# How do you integrate int ( 1/((x+1)^2+4))  using partial fractions?

Sep 12, 2016

$\frac{1}{2} \arctan \left(\frac{x + 1}{2}\right) + C$

#### Explanation:

This cannot be expressed using partial fractions.

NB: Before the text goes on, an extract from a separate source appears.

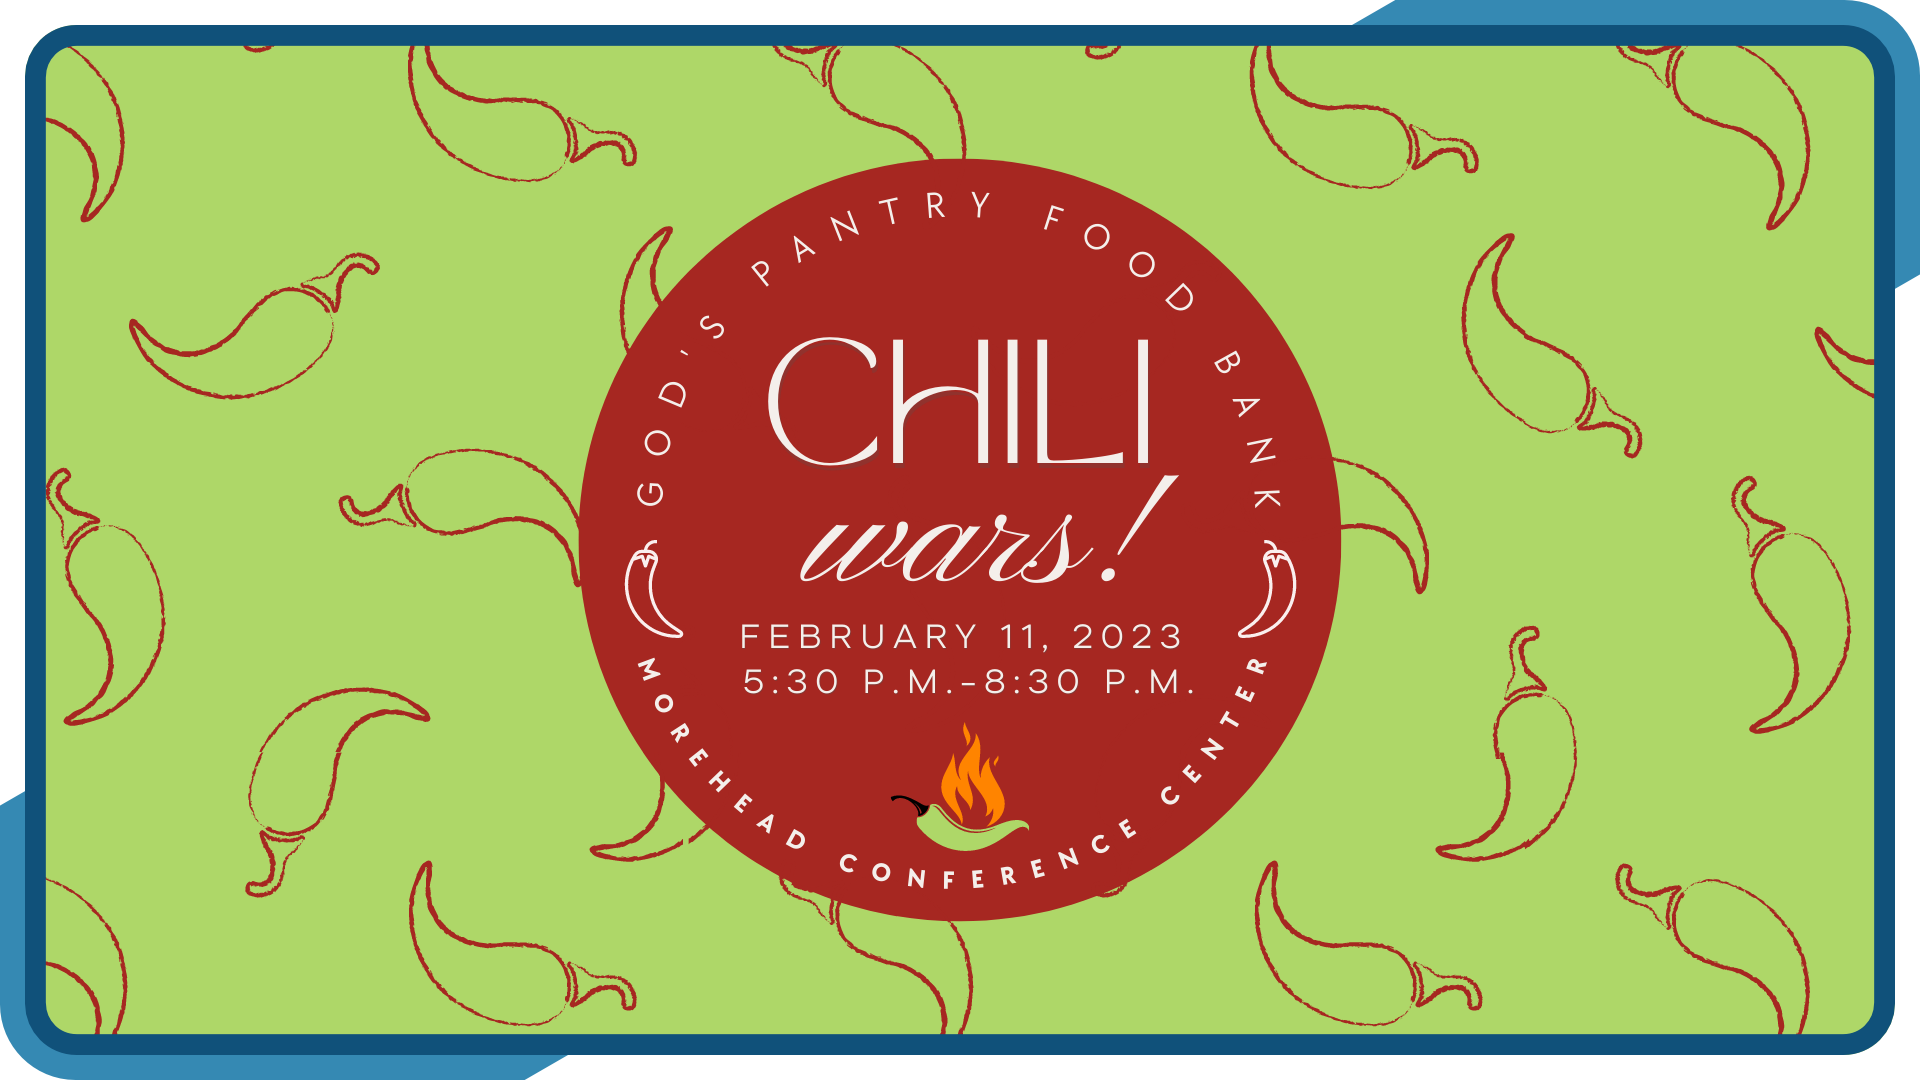 Chili Wars, February 11th at 5:30pm, intended for all ages

However, we can integrate this using trigonometric substitutions.

$\int \frac{\mathrm{dx}}{{\left(x + 1\right)}^{2} + 4}$

Let $x + 1 = 2 \tan \theta$. Thus, $\mathrm{dx} = 2 {\sec}^{2} \theta d \theta$. Substituting, this gives us:

$= \int \frac{2 {\sec}^{2} \theta d \theta}{4 {\tan}^{2} \theta + 4}$

Factoring:

$= \frac{1}{2} \int \frac{{\sec}^{2} \theta d \theta}{{\tan}^{2} \theta + 1}$

Recall that ${\tan}^{2} \theta + 1 = {\sec}^{2} \theta$:

$= \frac{1}{2} \int \frac{{\sec}^{2} \theta d \theta}{\sec} ^ 2 \theta$

$= \frac{1}{2} \int d \theta$

$= \frac{1}{2} \theta + C$

From $x + 1 = 2 \tan \theta$ we see that $\theta = \arctan \left(\frac{x + 1}{2}\right)$:

$= \frac{1}{2} \arctan \left(\frac{x + 1}{2}\right) + C$